Hindsight may show clearly our actions, but out motivations are never quite easy to see. When asked, “Why Blackberries.” I am afraid with all the benefits of distance from the act, I can still do little better than tell the story.
In 2008 as the market roiled and the world’s attention was riveted by greed so puissant as to harm entire nations and indeed the whole world, I returned to Kansas after 6 years in South Carolina. I cried on my parents’ doorstep that spring day, knowing both that I was home and could not again leave, and that I had left friends made during those cherished years of college and early professional life who were as dear to me as brothers. After a good cry and a few weeks of settling in, I got busy being home.
I was at that time mostly interested in where water goes after you push that little lever on the tank of our white porcelain toilet, and questions like why we Kansans build our homes from trees in Canada instead of the dirt all around us.
Freshly done with college and on the back end of two years teaching classical literature and reading a bit too much, I was determined to see the ideals of John Ruskin’s Society of Saint George put into practice here in my home. The plot was to come up with a scheme of architecture and mechanical systems which used distinctive local materials like earth blocks, hedge wood and black walnut, combined with mechanical systems like composting toilets that were simpler, more cost effective, and more ecological than technological. This effort took me to many odd places including one of the oddest experiences of my life in Fairfield Iowa where I found myself surrounded by spiritual acolytes of the earth who followed the teachings of the Beatles old spiritual advisor Maharishi.
That effort proved ill founded on the overzealous energies of youth, but it was the birth of Elderslie Woodworks, and there is a very stout built cottage near Elderslie which I dare say bears the charm and whimsy of the idealism that I was in the midst of.
In 2009 while I was no longer bothering Sedgwick County Wastewater Officials with questions about permitting composting toilets, I was still thinking about how to make a life and a living right here near my home. I was still determined to see my community made more unique, more beautiful, and more vital. In the company of my sister and brother I began traveling to places like Reece Fruit Farms outside Topeka, and Cain City Orchard near Great Bend, and Regiers’ Orchard in Whitewater. Everyone had apple trees, some people had peach trees, most had a smattering of other small fruits that they were interested in but did not do too much with. But multiple times I heard the comment “oh when those blackberries go you cannot stop people from getting into them.” But they were talking about plantings of a single row, or maybe a hundred bushes. I put the question to Rex Reese (owner of the oldest fruit farm in KS.) “what about planting an acre of Blackberries?” Rex is a philosophical person who thinks about his words for a minute before saying anything, which he did, then he responded in a slow sentence: “that would be A LOT of blackberries.”
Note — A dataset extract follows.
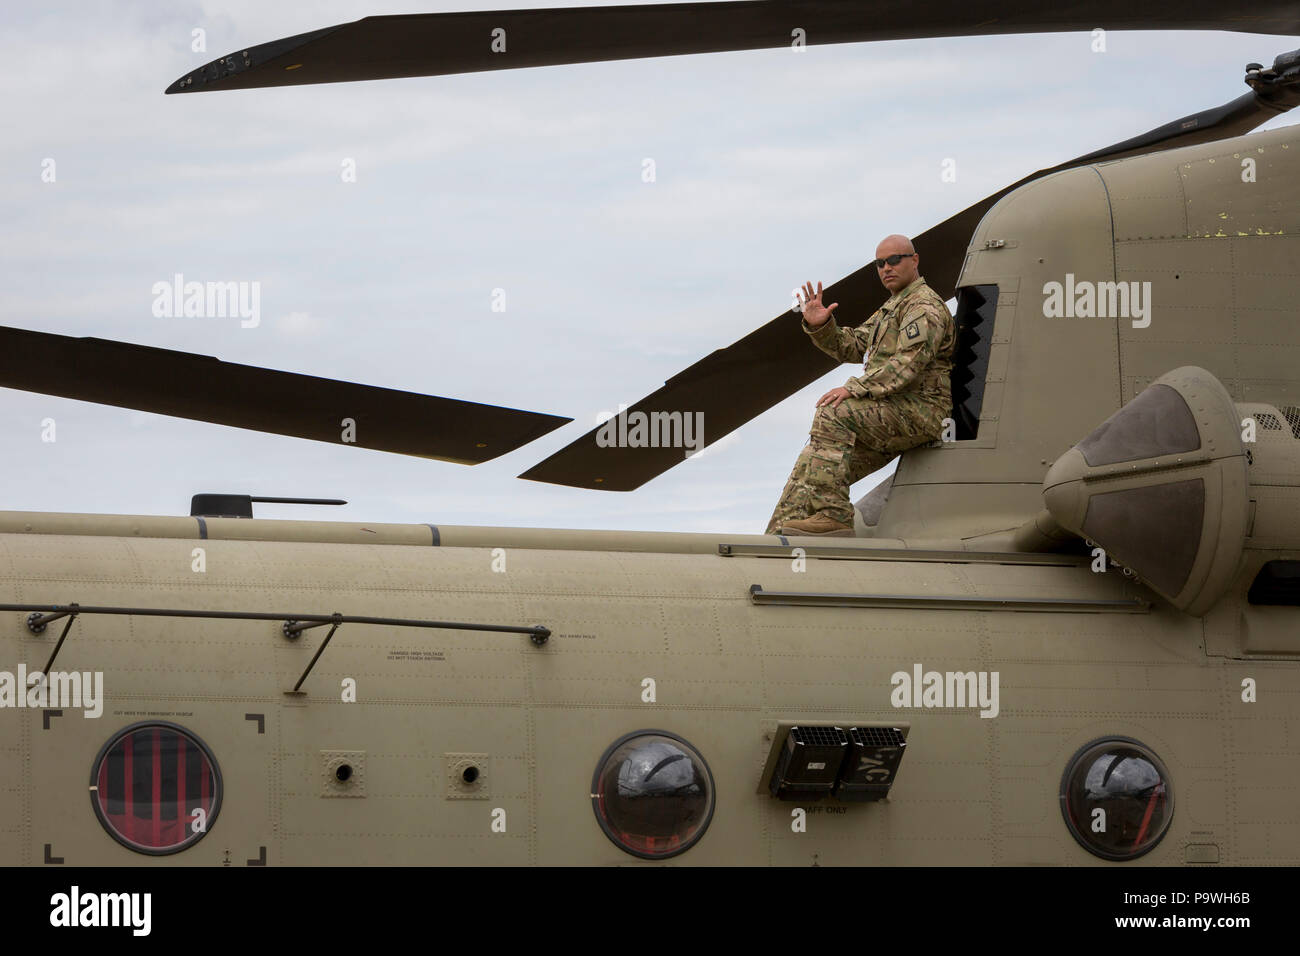 A serviceman with the United States Army watches the flying show from the top of his Chinook helicopter at the Farnborough Airshow, on 18th July 2018, in Farnborough, England. Stock Photo

In 2010 we planted roughly 1 acre of blackberries at Elderslie. 1,000 bushes in 8 varieties strung out along the hillside overlooking the Chisholm Creek and Bramble culture became the focus of my life for many years.
If I had to answer why I guess I would say I wanted to see that moment when people got so excited by nature and the harvest that they threw their schedule out the window and could not stay out of the berry rows. I wanted to prove something about my home ground, that it was worth that kind of excitement. I wanted to fulfill something of Wordsworth’s reminders to us that nature is exciting and life-giving if only we will use our leisure, our best days, and highest moments to soak in her bounty and share in her joys. Looking back now, I guess I might say blackberries came about because composting toilets never worked, but hindsight is 20/20.